Monday, November 7, 2011

Mrs. King by Charlotte Gray ✔✔✔✔

I'm a fan of Charlotte Gray's. I read Sisters In the Wilderness, about Susannah Moodie and Catharine Parr Traill ( and I think every woman should read it, just so we can keep things in perspective when the fridge breaks down or we get a flat tire on the 401), and Flint and Feather, the biography of Pauline Johnson, whose poems were a part of our readers in elementary school, as well as the biography of Alexander Graham Bell ( I think the title is Reluctant Genius), so when I saw this title on the list of Canada Reads 2011 top 40 titles in non-fiction, I found it at our library and settled down to enjoy another story of a well-known Canadian.

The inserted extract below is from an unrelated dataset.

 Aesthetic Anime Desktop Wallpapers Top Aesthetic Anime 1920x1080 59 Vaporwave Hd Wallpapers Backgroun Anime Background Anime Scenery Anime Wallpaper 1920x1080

And it was very enjoyable, and very informative. Isabel Mackenzie King was the daughter of William Lyon Mackenzie who led the 1837 revolt in Upper Canada, and the mother of William Lyon Mackenzie King, who was one of our greatest prime ministers. Willie, as he was known by his family, absolutely adored his mother, almost unnaturally so, and she herself, disappointed by her husband's lack of initiative and constant financial problems, relied almost exclusively on Willie for both financial and emotional support.

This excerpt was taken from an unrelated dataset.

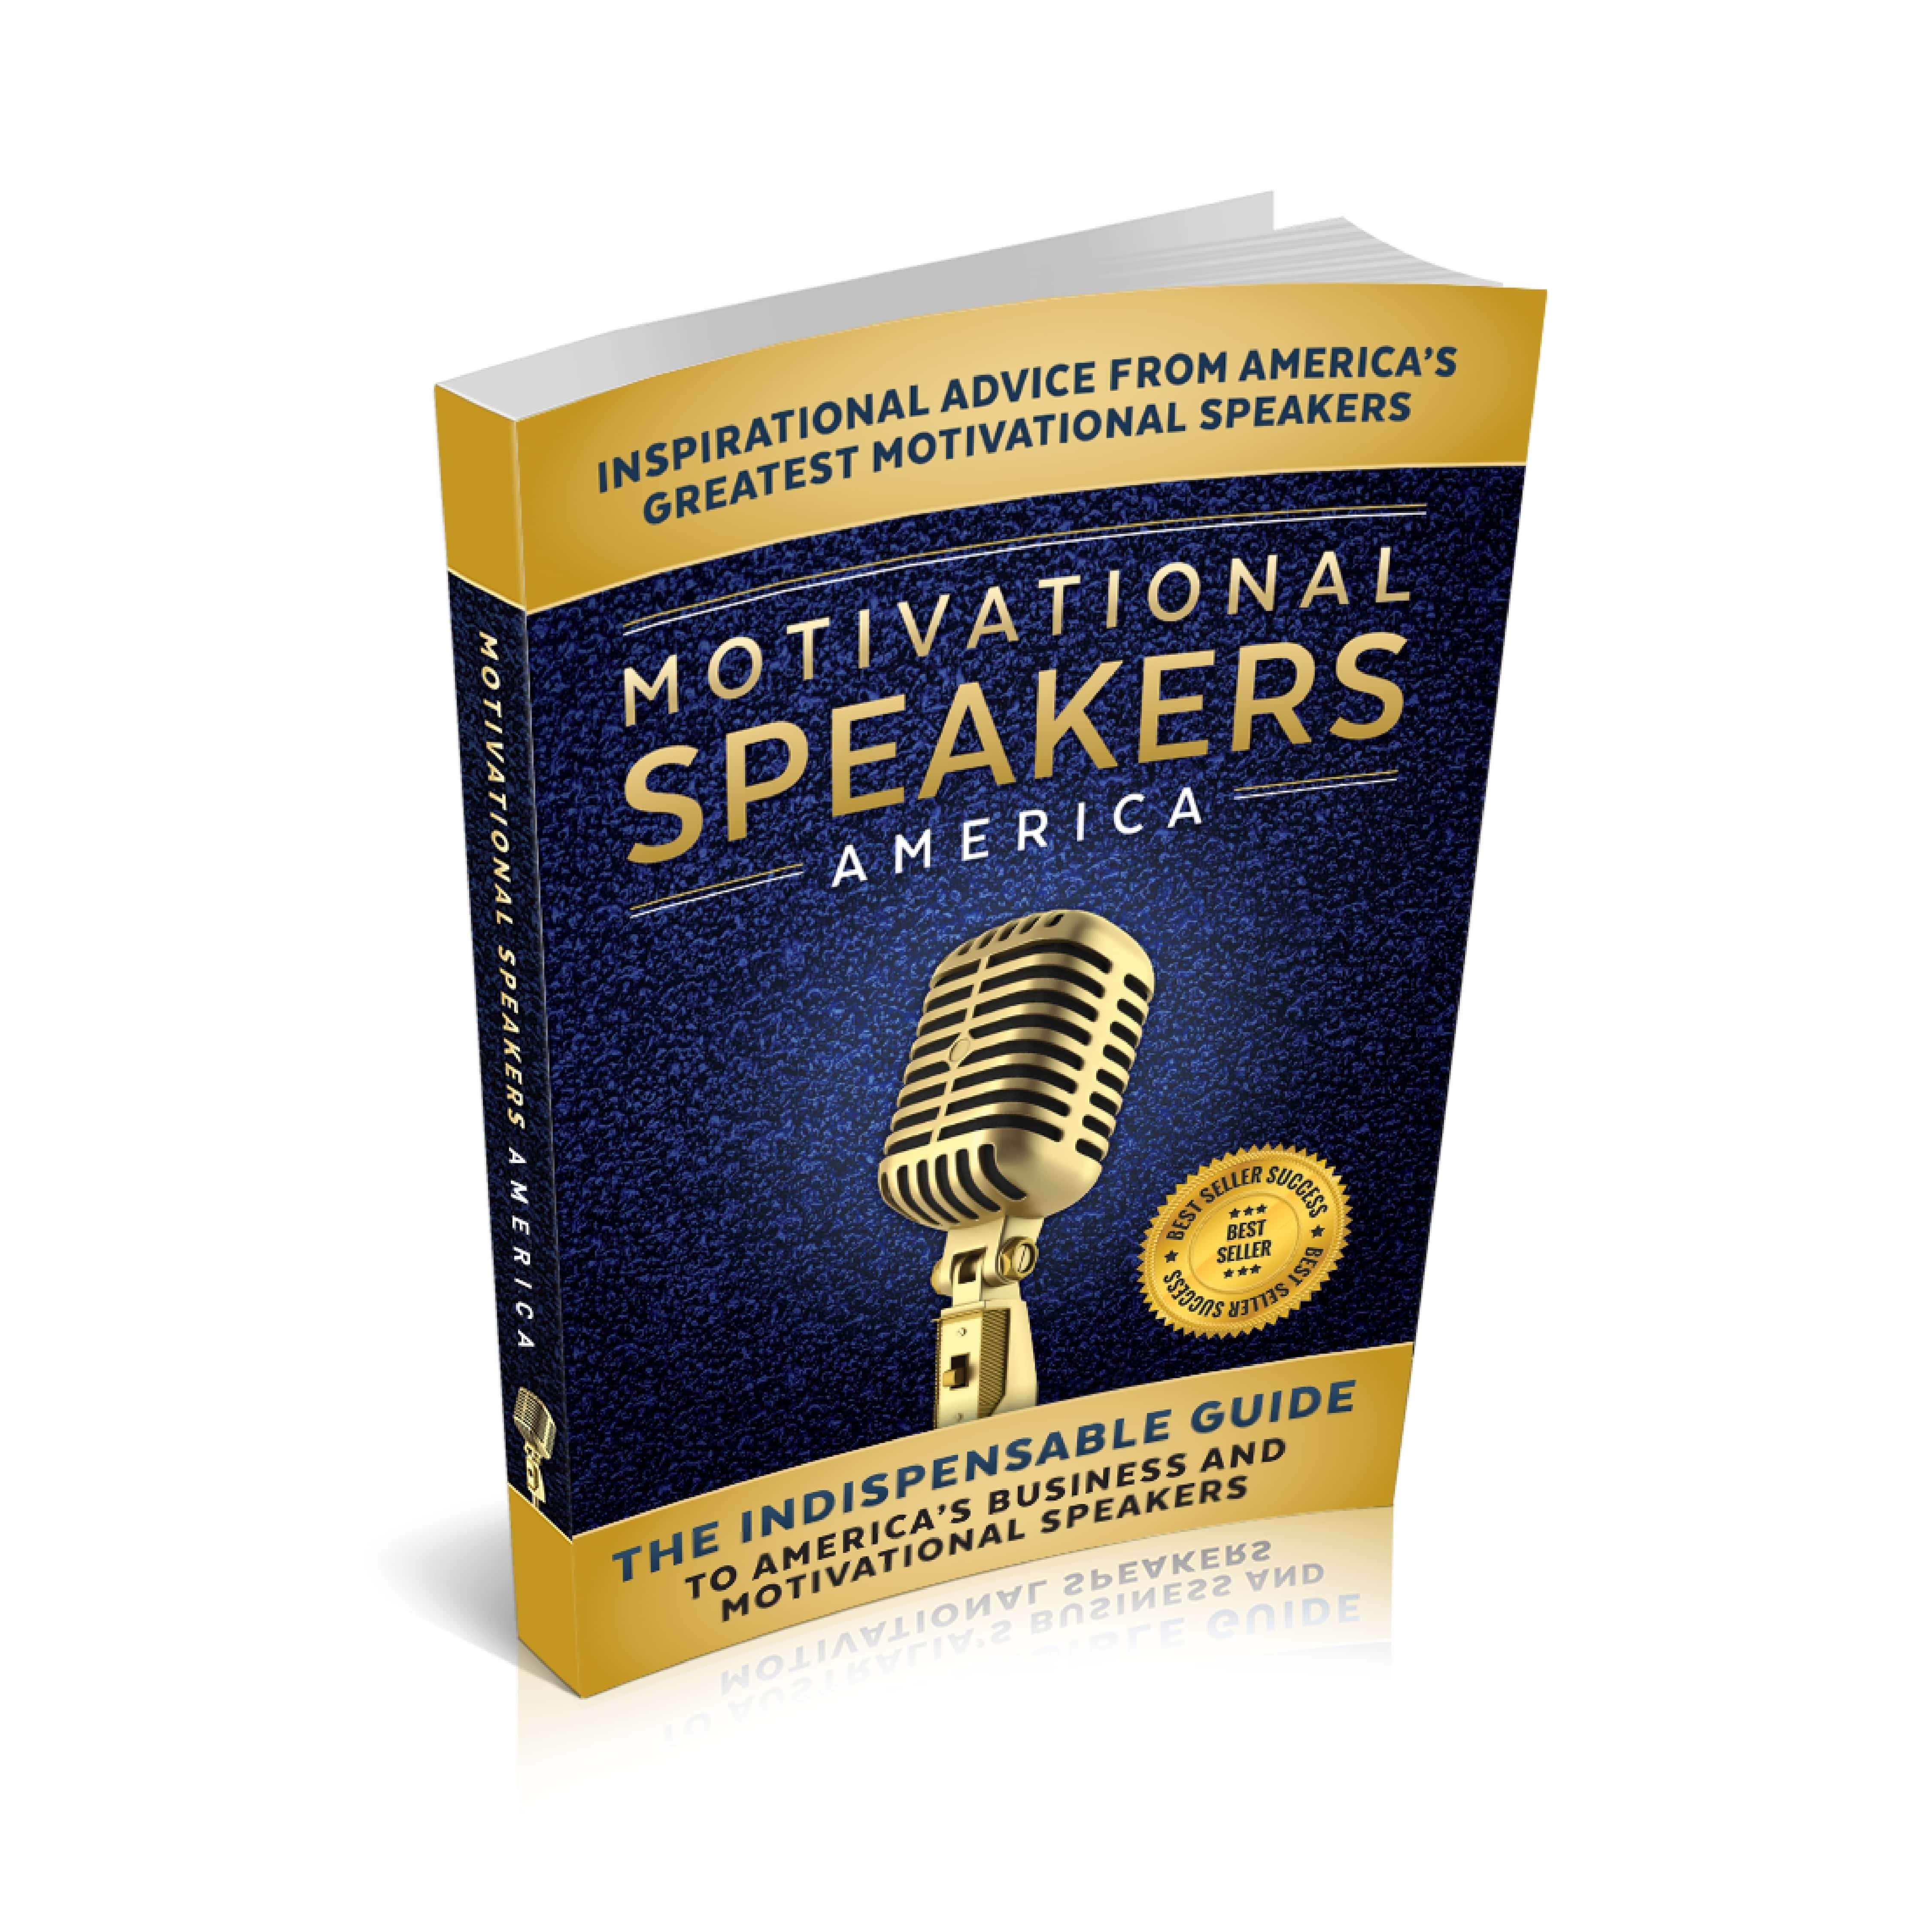 Motivational Speakers America book by Cydney O'Sullivan

As a portrait of Toronto in the late 19th century, it was particularly interesting to me - the way people lived, the city limits ( Isabel was in her twenties before she ever went north of Eglinton Ave), the At Homes which the King women attended and hosted, even as they scraped together enough money to hold them, the class distinctions, and so on, so the book also is a social history of women at this time. It must be fascinating to do research like this. Fortunately the King family were all great letter-writers,so there must have been lots of material to work from. For example, while Willie was in Chicago, he sent a ten-page letter home once a week!!